The synthetic division table is:
$$ \begin{array}{c|rrrrr}7&1&-8&7&2&-6\\& & 7& -7& 0& \color{black}{14} \\ \hline &\color{blue}{1}&\color{blue}{-1}&\color{blue}{0}&\color{blue}{2}&\color{orangered}{8} \end{array} $$The remainder when $ x^{4}-8x^{3}+7x^{2}+2x-6 $ is divided by $ x-7 $ is $ \, \color{red}{ 8 } $.
We can find remainder using synthetic division method.
Step 1 : Write down the coefficients of the dividend into division table. Put the zero from $ x -7 = 0 $ ( $ x = \color{blue}{ 7 } $ ) at the left.
$$ \begin{array}{c|rrrrr}\color{blue}{7}&1&-8&7&2&-6\\& & & & & \\ \hline &&&&& \end{array} $$Step 1 : Bring down the leading coefficient to the bottom row.
$$ \begin{array}{c|rrrrr}7&\color{orangered}{ 1 }&-8&7&2&-6\\& & & & & \\ \hline &\color{orangered}{1}&&&& \end{array} $$Step 2 : Multiply by the number on the left, and carry the result into the next column: $ \color{blue}{ 7 } \cdot \color{blue}{ 1 } = \color{blue}{ 7 } $.
$$ \begin{array}{c|rrrrr}\color{blue}{7}&1&-8&7&2&-6\\& & \color{blue}{7} & & & \\ \hline &\color{blue}{1}&&&& \end{array} $$Step 3 : Add down last column: $ \color{orangered}{ -8 } + \color{orangered}{ 7 } = \color{orangered}{ -1 } $
$$ \begin{array}{c|rrrrr}7&1&\color{orangered}{ -8 }&7&2&-6\\& & \color{orangered}{7} & & & \\ \hline &1&\color{orangered}{-1}&&& \end{array} $$Step 4 : Multiply by the number on the left, and carry the result into the next column: $ \color{blue}{ 7 } \cdot \color{blue}{ \left( -1 \right) } = \color{blue}{ -7 } $.
$$ \begin{array}{c|rrrrr}\color{blue}{7}&1&-8&7&2&-6\\& & 7& \color{blue}{-7} & & \\ \hline &1&\color{blue}{-1}&&& \end{array} $$Step 5 : Add down last column: $ \color{orangered}{ 7 } + \color{orangered}{ \left( -7 \right) } = \color{orangered}{ 0 } $
$$ \begin{array}{c|rrrrr}7&1&-8&\color{orangered}{ 7 }&2&-6\\& & 7& \color{orangered}{-7} & & \\ \hline &1&-1&\color{orangered}{0}&& \end{array} $$Step 6 : Multiply by the number on the left, and carry the result into the next column: $ \color{blue}{ 7 } \cdot \color{blue}{ 0 } = \color{blue}{ 0 } $.

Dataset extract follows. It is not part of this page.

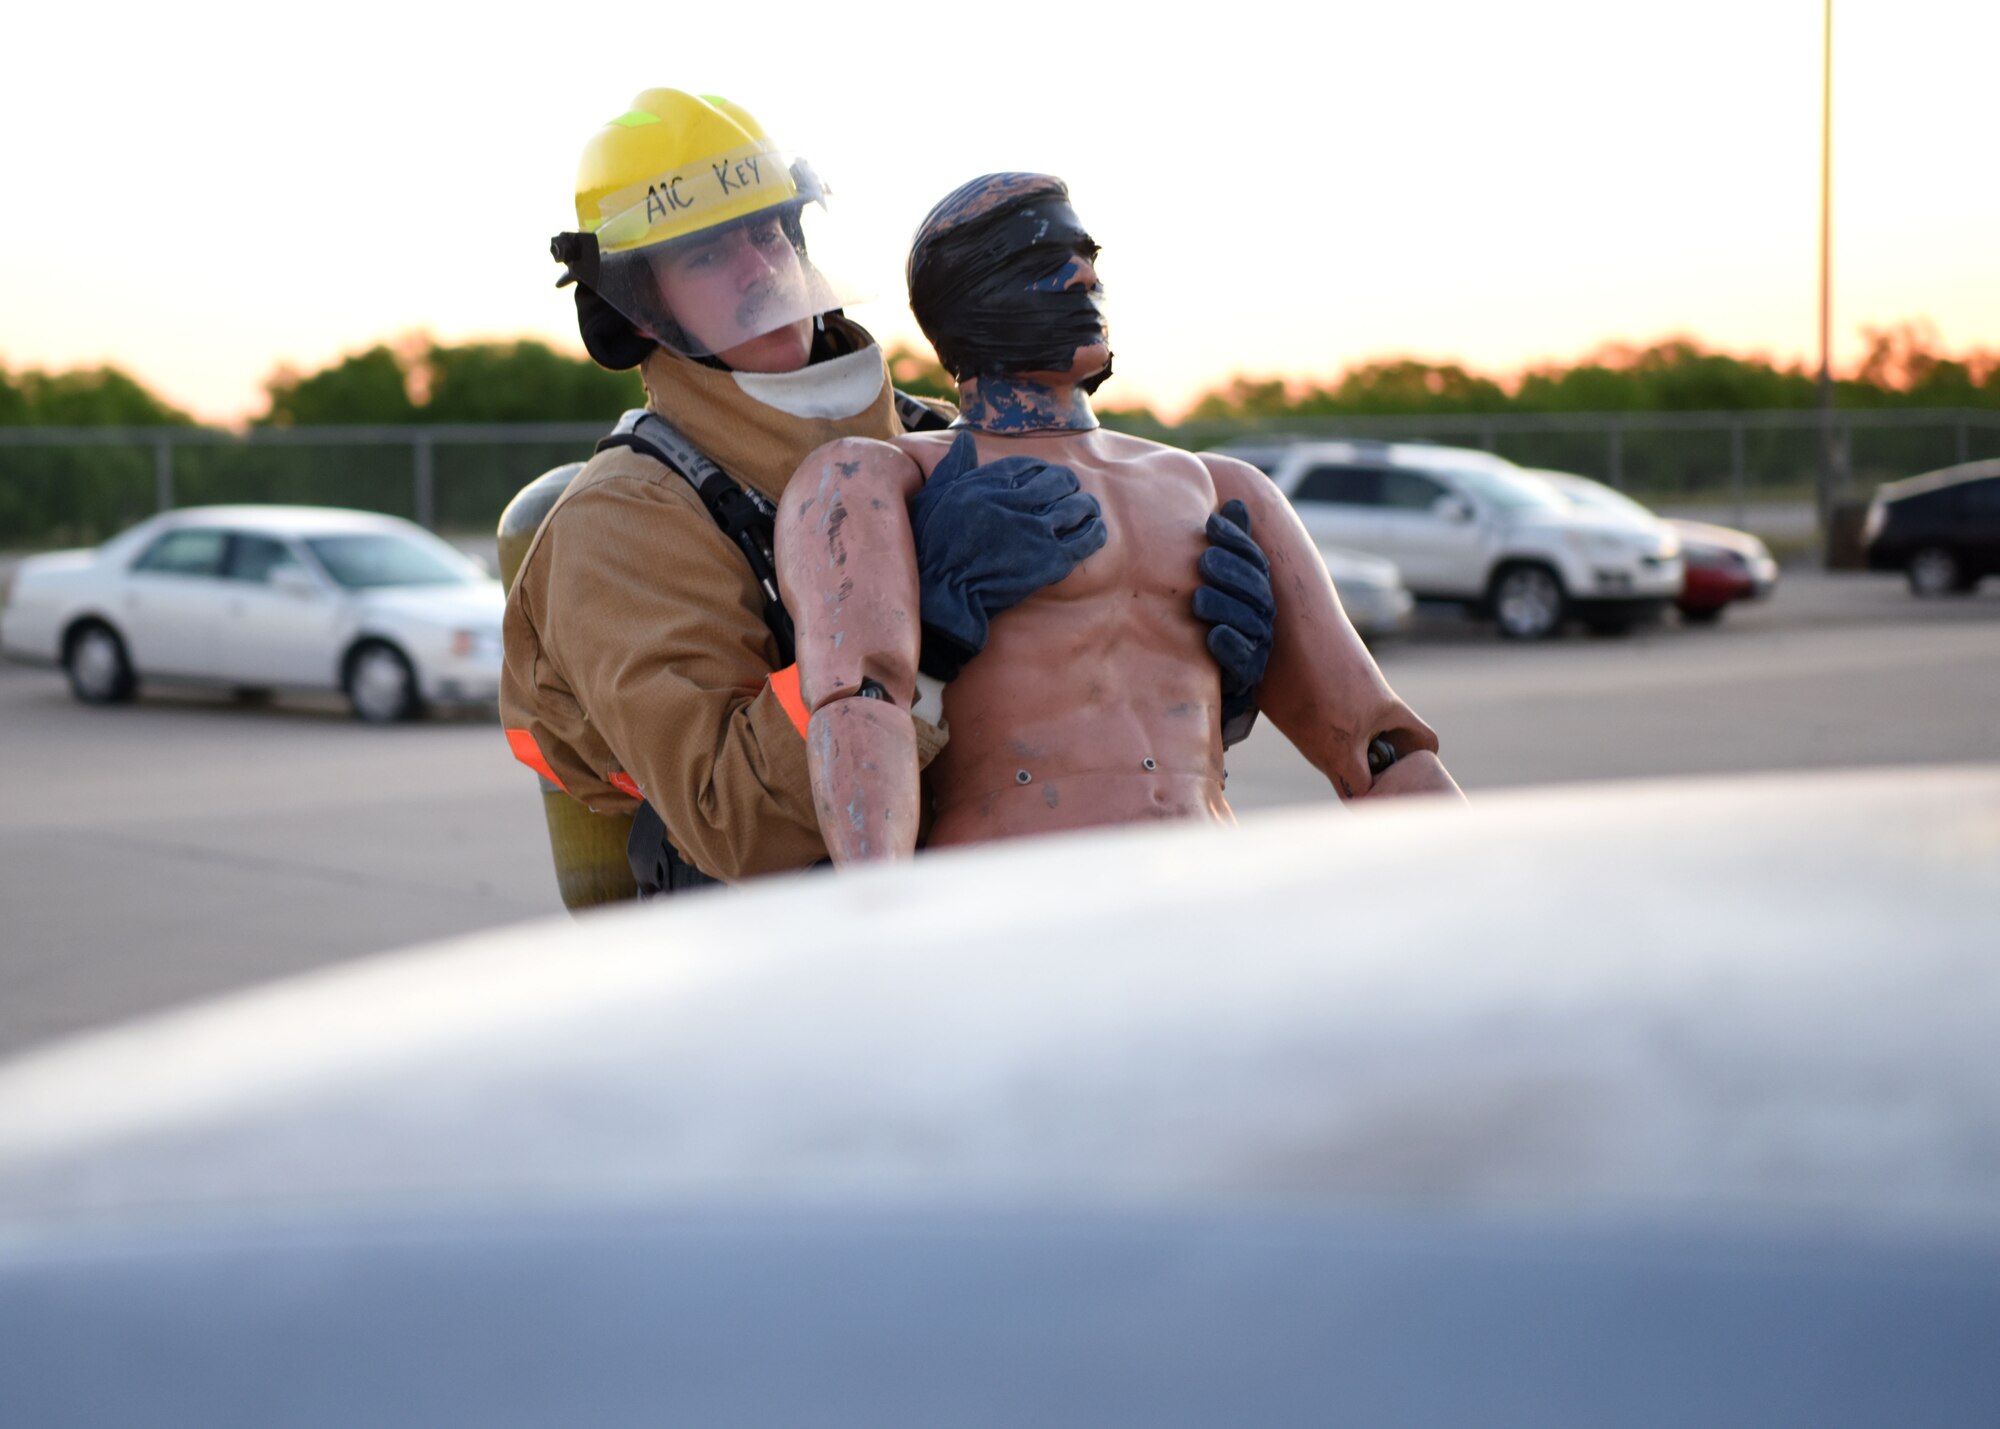 U.S. Air Force Airman 1st Class Coleman Key, 312th Training Squadron student, pulls a victim from a simulated car accident during his final exercise for Block III at the Louis F. Garland Department of Defense Fire Academy on Goodfellow Air Force Base, Texas, May 6, 2020. Key pulled from all the lessons he was taught to complete the exercise. (U.S. Air Force photo by Airman 1st Class Ethan Sherwood)

$$ \begin{array}{c|rrrrr}\color{blue}{7}&1&-8&7&2&-6\\& & 7& -7& \color{blue}{0} & \\ \hline &1&-1&\color{blue}{0}&& \end{array} $$Step 7 : Add down last column: $ \color{orangered}{ 2 } + \color{orangered}{ 0 } = \color{orangered}{ 2 } $
$$ \begin{array}{c|rrrrr}7&1&-8&7&\color{orangered}{ 2 }&-6\\& & 7& -7& \color{orangered}{0} & \\ \hline &1&-1&0&\color{orangered}{2}& \end{array} $$Step 8 : Multiply by the number on the left, and carry the result into the next column: $ \color{blue}{ 7 } \cdot \color{blue}{ 2 } = \color{blue}{ 14 } $.
$$ \begin{array}{c|rrrrr}\color{blue}{7}&1&-8&7&2&-6\\& & 7& -7& 0& \color{blue}{14} \\ \hline &1&-1&0&\color{blue}{2}& \end{array} $$Step 9 : Add down last column: $ \color{orangered}{ -6 } + \color{orangered}{ 14 } = \color{orangered}{ 8 } $
$$ \begin{array}{c|rrrrr}7&1&-8&7&2&\color{orangered}{ -6 }\\& & 7& -7& 0& \color{orangered}{14} \\ \hline &\color{blue}{1}&\color{blue}{-1}&\color{blue}{0}&\color{blue}{2}&\color{orangered}{8} \end{array} $$Remainder is the last entry in the bottom row $ \left(\color{red}{ 8 }\right) $.